As for Captain Nowak, since time immortal people have done really stupid things in the name of love (myself included) so I think I can empathize with her a little bit. Not that I ever went the route of attempted murder that is!

Heather said...

Amen.

Anonymous said...

Brilliant post, and all too true.

I'm not entirely sure it's down to the idea of risk assessment which is sensible in itself: I think the problem has coming about form insurance companies & penny pinchers hiding behind the risk assessments as an excuse not to do something.

The people who trip over their own fat asses and then run to a lawyer are to blame. The people who spend all their budget on decorating their office and then canceling a school trip because of 'risk' are to blame.

The human race is on a downward spiral, and I'm not sure hat the answer is...

The Curmudgeon said...

Linda -- thank you for your clarification!

East -- who is limiting who? Can they be exposed and moved out of the way?

Empress Bee (of the high sea) said...

naw curmy, they're just a bunch of wackos. now if i had been the one to go into space, see, i would have been real good when i got back. made women proud. i still remember sally ride, how proud i was to see her stepping off the shuttle, waiting for her remarks, so happy a woman had gone finally! off she steps, and out of her mouth was the following: "ewwww it was soooo much fun!" yeesh. wackos. all of 'em... drat.

smiles, bee

Anonymous said...

Some brilliant links here again, I may post up on them over the weekend, though I am trying not to blog at weekends.

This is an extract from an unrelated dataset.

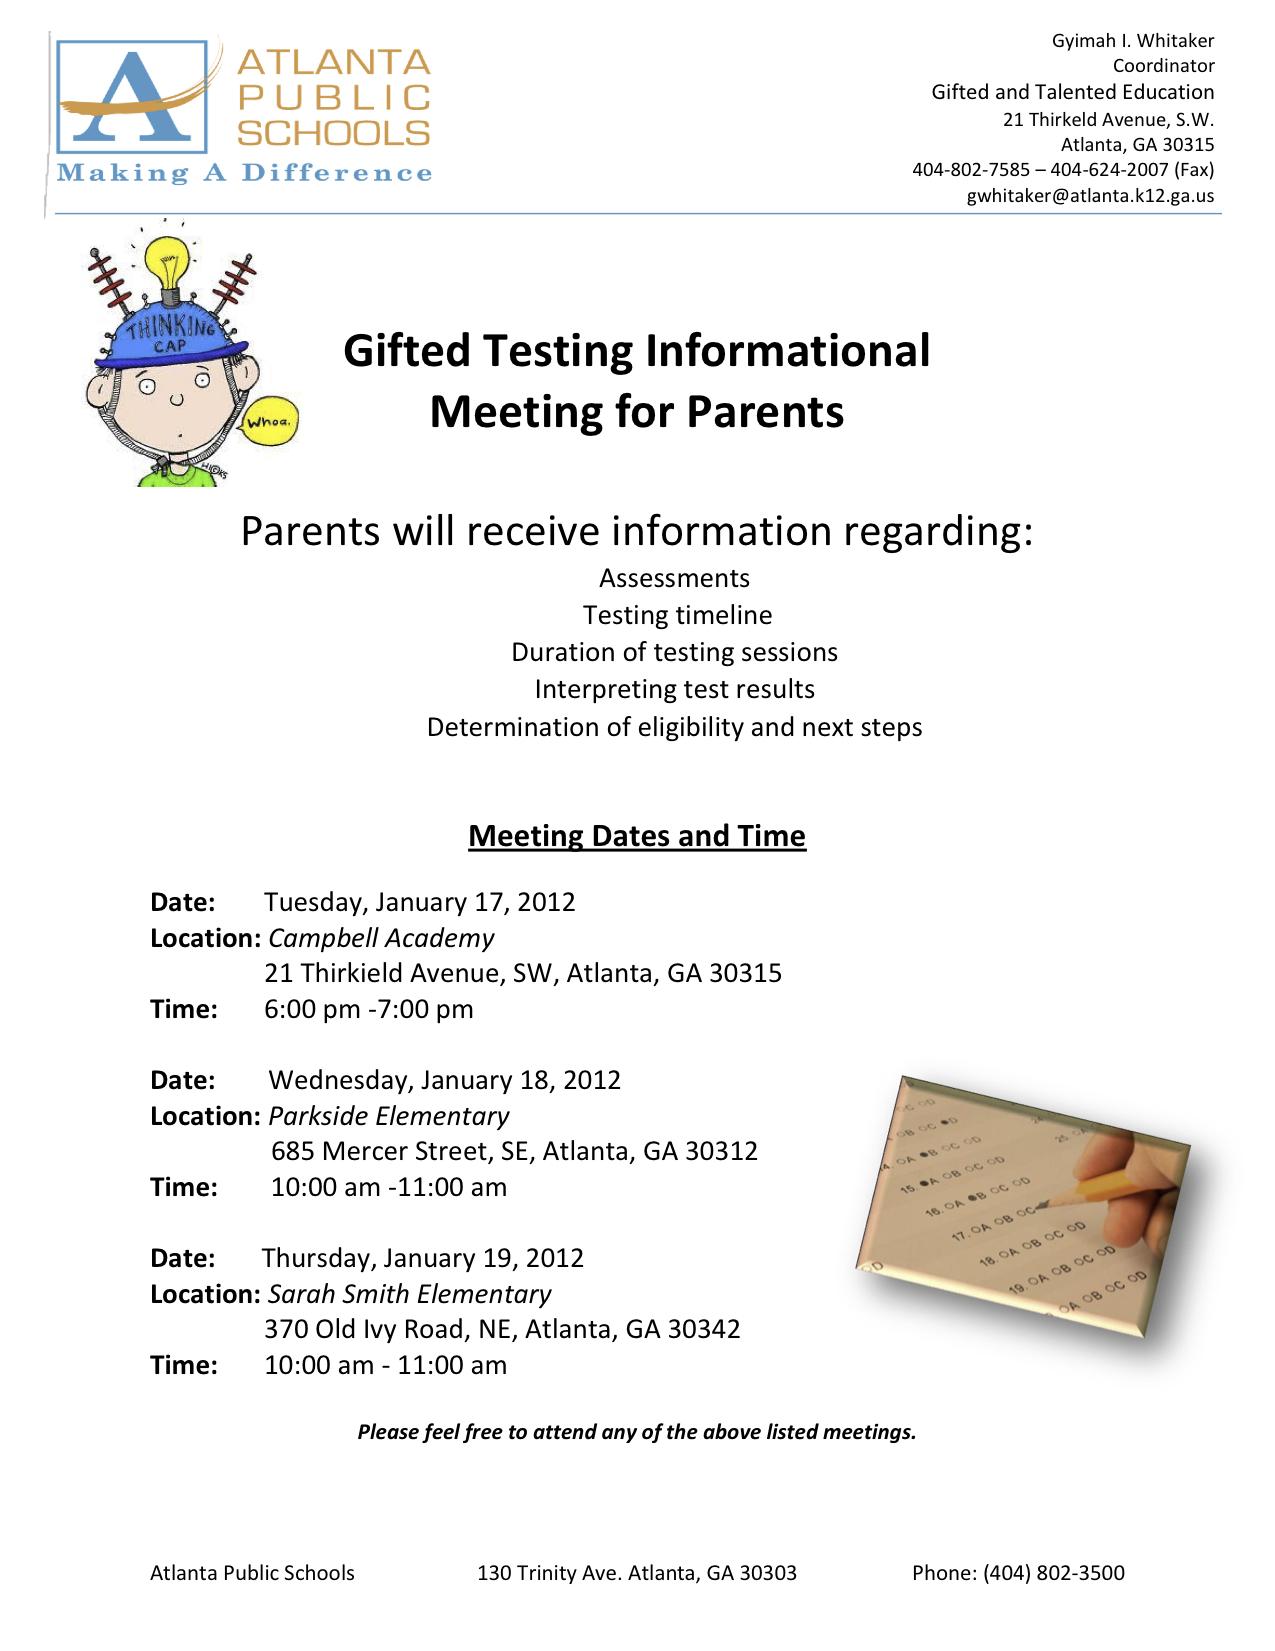 Sample Letter For Gifted Testing

You really couldn't make it up, I thought we were just mad in the UK.

SQT said...

I hadn't really thought of Nowak being a risk taker without enough to do. I basically figured she cracked under the strain.

But I have known a few adrenaline junkies in my time and they are built differently. I remember watching Travis Pastrana (stunt motorcyclist) do the double backflip on his bike and land it. It was incredible, but if had missed he'd probably be a parapalegic at 20-something. It sure as heck isn't worth it in my book.

I've also knew a guy who wanted to be a cop just for the rush of it. Fortunately he didn't make it.

Lawfrog said...

AMEN!! There are not enough words in the English language to tell you how much I agree with this. I am so sick of the constant rules and regulations to save us from ourselves.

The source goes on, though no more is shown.